I had one stamped......US Army space heater. It would burn coal like a champ


----------



## cycloxer (Mar 13, 2010)

The other day I walked in and he had the thing running at 900 degrees. I was like, OMG, it is going to blow up. He said, relax, we burn that way everyday in the winter. That is one tough stove. He tried a few other large stoves before picking this one up this year and he said this one blows them all out of the water.


----------



## Todd (Mar 13, 2010)

I saw one of those US Army potbelly stoves at a local trailer sales and hardware place, I was impressed at the radiant heat is was throwing off but was told it really eats the wood.


----------



## BrotherBart (Mar 13, 2010)

Todd said:
			
		

> I saw one of those US Army potbelly stoves at a local trailer sales and hardware place, I was impressed at the radiant heat is was throwing off but was told it really eats the wood.
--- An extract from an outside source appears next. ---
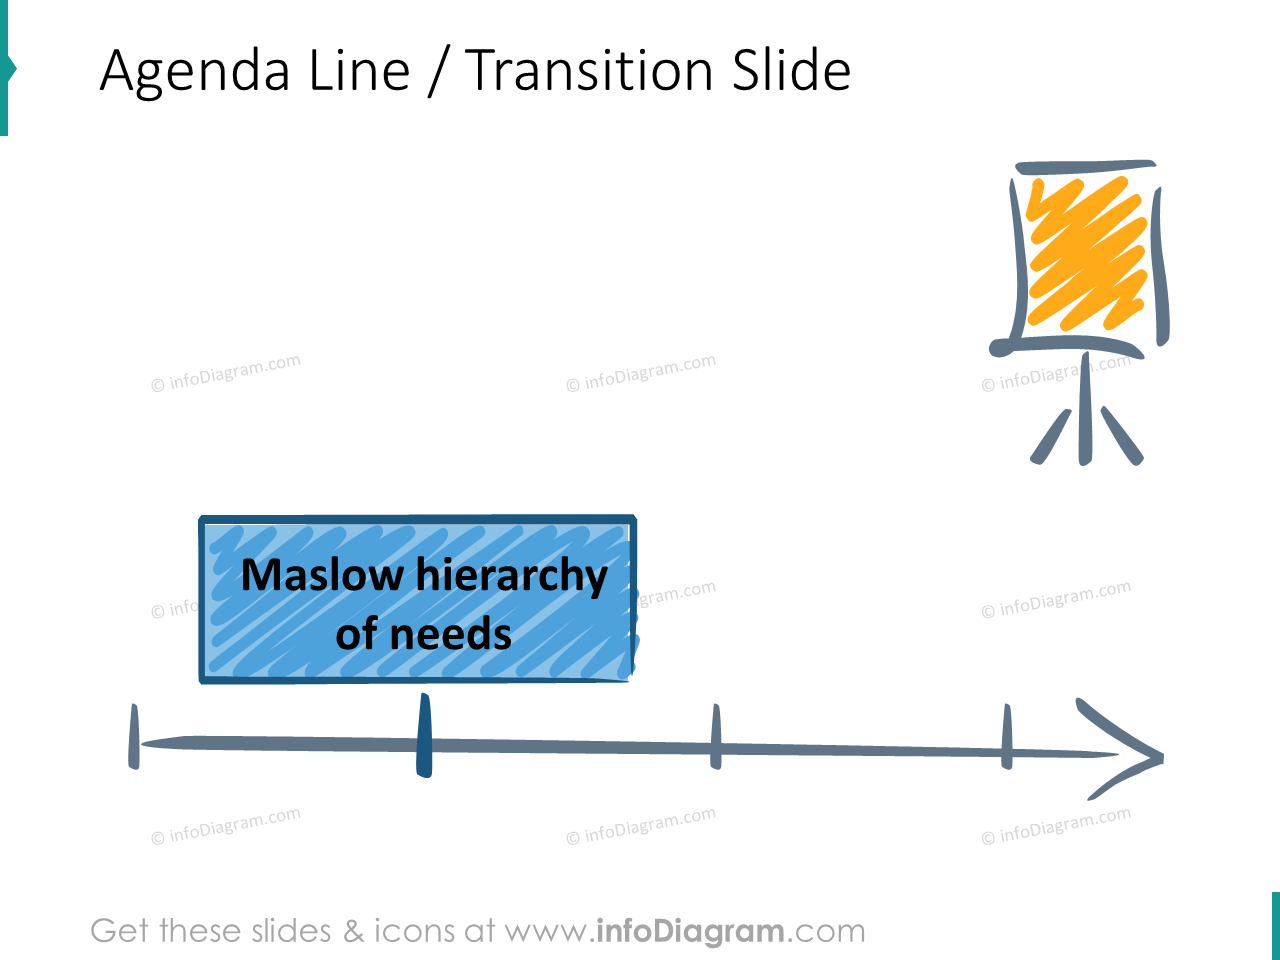 motivation training agenda transition slide maslow icons ppt clipart

Yep. A barrel stove is a barrel stove even if you make it out of cast iron and stand it on end.


----------



## daveswoodhauler (Mar 13, 2010)

cycloxer said:
			
		

> I guess there is a slightly smaller #18 variant as well. I am sure they are not as efficient as our EPA stoves. The guy went with this stove after trying a few others because it holds a massive amount of wood at it takes huge splits. His shop must have 25 foot ceilings and he says it heats the whole place and the ceiling fans circulate the heat.



Gearworks? I gotta get riding soon....waiting for the snow to melt up here.


----------



## cycloxer (Mar 13, 2010)

Yeah it is at Gearworks. I rode down to the shop yesterday and Gene had the stove running. He got it from the guy in Littleton by the train tracks who has all of those rusted old wood stoves outside the station. I guess these #20's are getting tougher to find these days and in good condition they now go for big bucks. The thing throws serious heat. You can't get anywhere near it without getting blasted when he has it cranking.


----------



## Backwoods Savage (Mar 13, 2010)

That is one nice looking bike shop!


----------



## daveswoodhauler (Mar 13, 2010)

cycloxer said:
			
		

> Yeah it is at Gearworks. I rode down to the shop yesterday and Gene had the stove running. He got it from the guy in Littleton by the train tracks who has all of those rusted old wood stoves outside the station. I guess these #20's are getting tougher to find these days and in good condition they now go for big bucks. The thing throws serious heat. You can't get anywhere near it without getting blasted when he has it cranking.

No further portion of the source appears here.